During my tests with keepalived as a balancer for a Linux cluster, I was searching for a way to quickly simulate a node failure and to check keepalived was correctly failing over to the other node. Here is a quick and smart way to do it!
Dummy!
Keepalived can track a service or a network connection, and when one of these resources fails, it starts the failover. The problem during a test phase is quite obvious: in a test scenario, you do not really want to crash a service on purpose or disconnect a network connection to test the failover; you still want to keep the ssh connection open to monitor both nodes for example, and still see the failover happening.
Keepalived does not have a “manual” failover command, but I’ve found a way to do it. Kudos to my friend PJ Spagnolatti, one of his posts in the keepalived mailing list (back in 2001!!!) was a great help to achieve this, plus a couple emails I exchanged with him. The “trick” is really nice: we will load a fake network interface, and by failing it over, we will start the failover. Linux has a network interface called exactly “dummy”, designed for such needs!
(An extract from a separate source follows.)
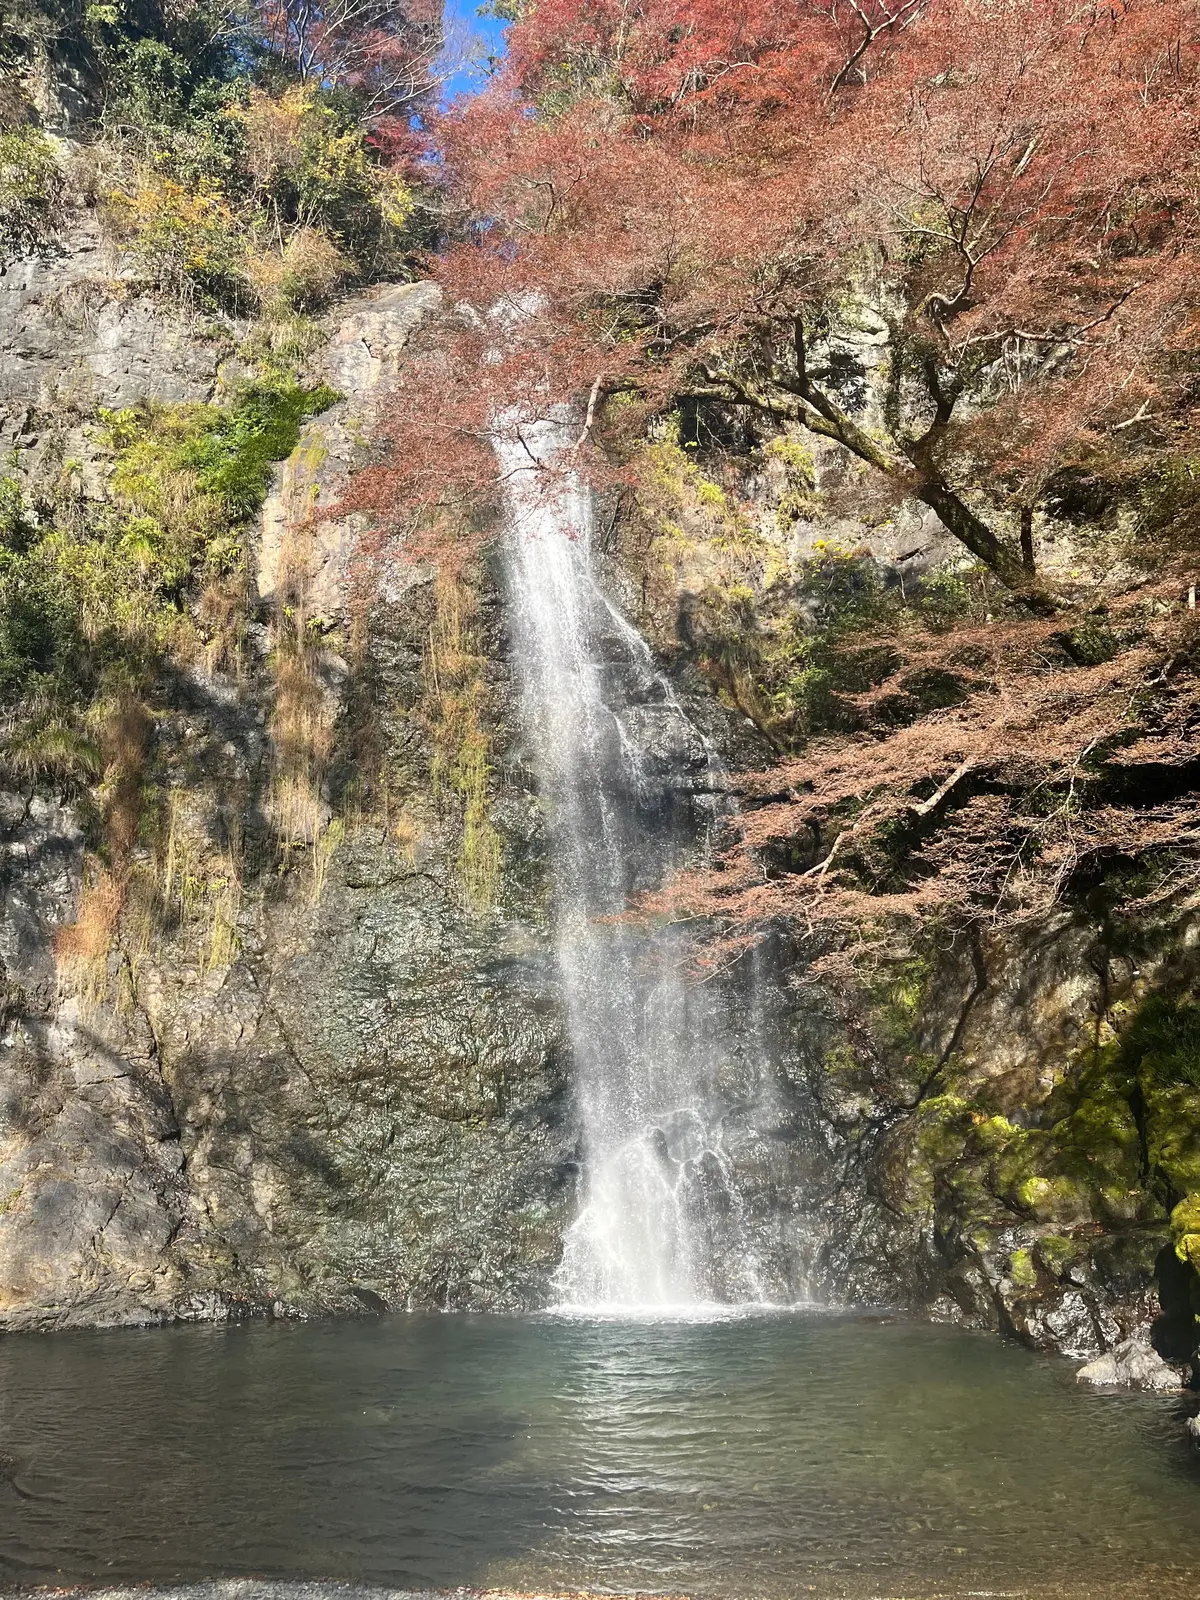 【大阪】今が見ごろ!ハイキングで楽しむ紅の画像_4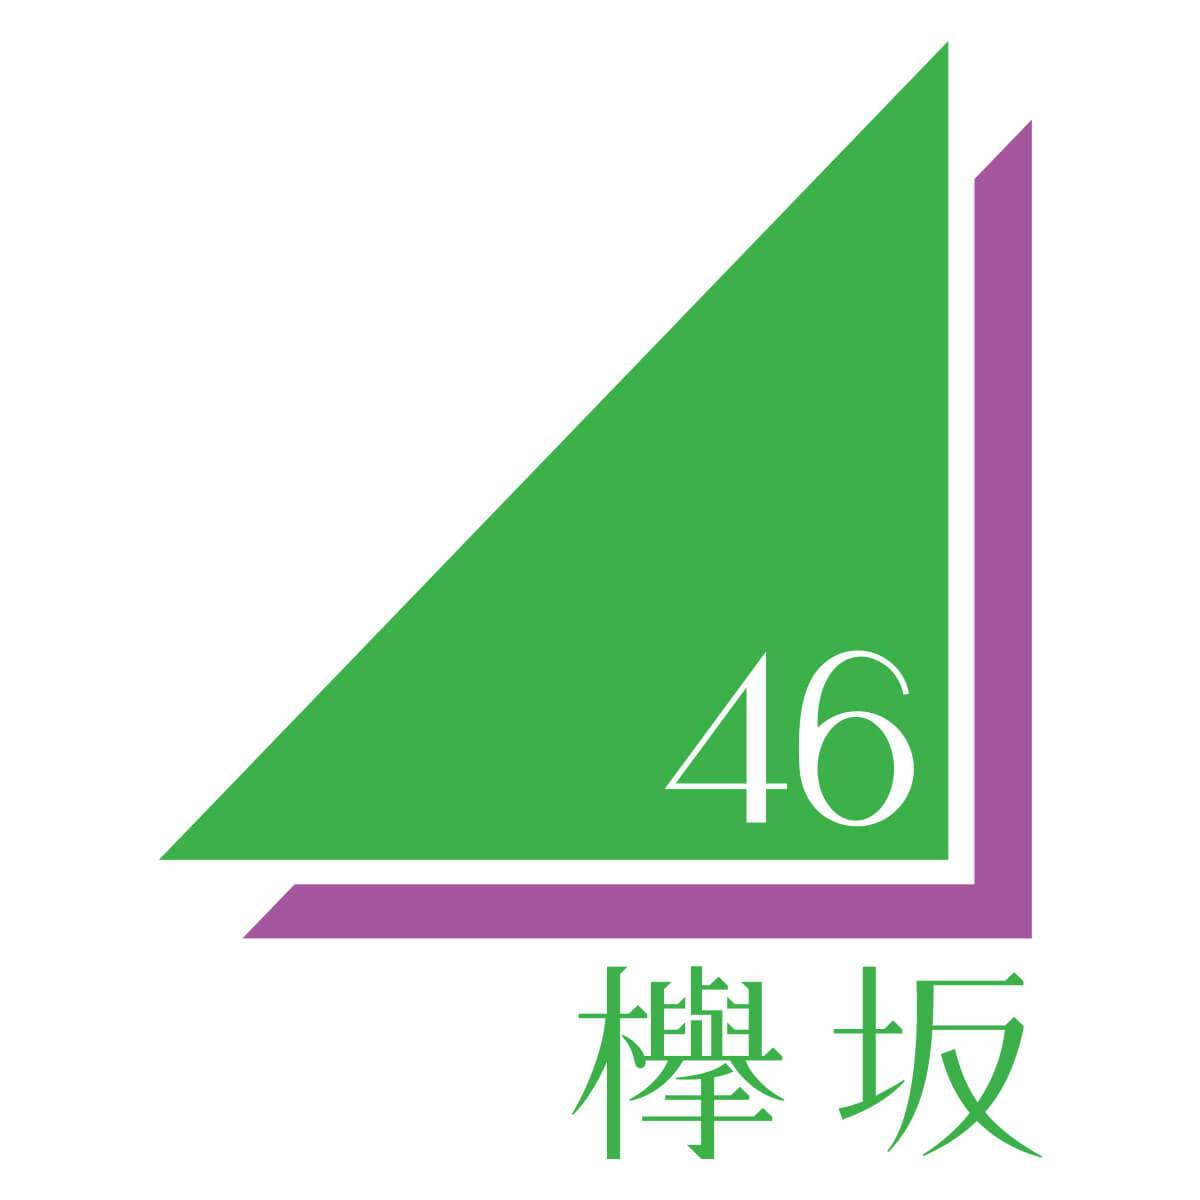 欅坂46公式サイトが今泉佑唯の活動休止を発表

How cool!
First, you need to load dummy in the kernel:
echo "modprobe dummy" >/etc/sysconfig/modules/rcsysinit.modules chmod +x /etc/sysconfig/modules/rcsysinit.modules modprobe -a dummy
Then, you configure dummy0 to be up at boot:
vi /etc/sysconfig/network-scripts/ifcfg-dummy0 DEVICE=dummy0 BOOTPROTO=none IPV6INIT=no NAME="dummy0" ONBOOT=yes TYPE=Ethernet USERCTL=no NM_CONTROLLED="no"
Once the device is “up and running” on both keepalived nodes, you add the network interface as a resource to be monitored. I’m posting here my complete keepalived.conf configuration:
vrrp_script chk_sshd { script "killall -0 sshd" interval 2 weight -4 } vrrp_instance REPO_CLUSTER { state BACKUP nopreempt interface ens160 virtual_router_id 1 priority 101 notify /usr/local/bin/keepalivednotify.sh advert_int 1 track_interface { ens160 dummy0 } authentication { auth_type PASS auth_pass 1111 } virtual_ipaddress { 10.2.50.160/24 dev ens160 } track_script { chk_sshd } } virtual_server 10.2.50.160 22 { delay_loop 30 lb_algo wrr lb_kind NAT persistence_timeout 50 protocol TCP real_server 10.2.50.161 22 { weight 1 TCP_CHECK { connect_port 22 connect_timeout 3 nb_get_retry 3 delay_before_retry 1 } } }
As you can read in this configuration file, the “real” monitoring happens against the sshd service and the ens160 interface (this is the new way of systemd in CentOS 7 to name what once was eth0 when it’s a VMware virtual interface…). when anything happens to one of these two resources, the virtual IP 10.2.50.160 is no more published on this node, and the failover happens towards the other node (10.2.50.162 is the real IP of the second node, the rest of the configuration file is exactly the same).
But, by simply adding dummy0 in the track_interface section, a manual failover is as simple as running in the command line:
ifdown dummy0
dummy0 is usually in state unknown:
# ip addr show dummy0 3: dummy0: <BROADCAST,NOARP,UP,LOWER_UP> mtu 1500 qdisc noqueue state UNKNOWN link/ether ae:18:a4:0a:17:ab brd ff:ff:ff:ff:ff:ff inet6 fe80::ac18:a4ff:fe0a:17ab/64 scope link valid_lft forever preferred_lft forever
when we take down the dummy interface, it goes into state down:
# ip addr show dummy0 3: dummy0: <BROADCAST,NOARP> mtu 1500 qdisc noqueue state DOWN link/ether ae:18:a4:0a:17:ab brd ff:ff:ff:ff:ff:ff
and the failover starts. Remember to bring back the interface into the initial state after the failover, what will happen depends on the keepalived configuration: in my case I configured “nopreempt” which disable the failback to the master node, so even if I bring dummy0 back online on the master node, the virtual IP stays into the secondary node.
Once you’ve finished your tests, you can either decide to remove dummy0 from keepalived configuration, or keep it and use it as a way to run manual failovers when needed!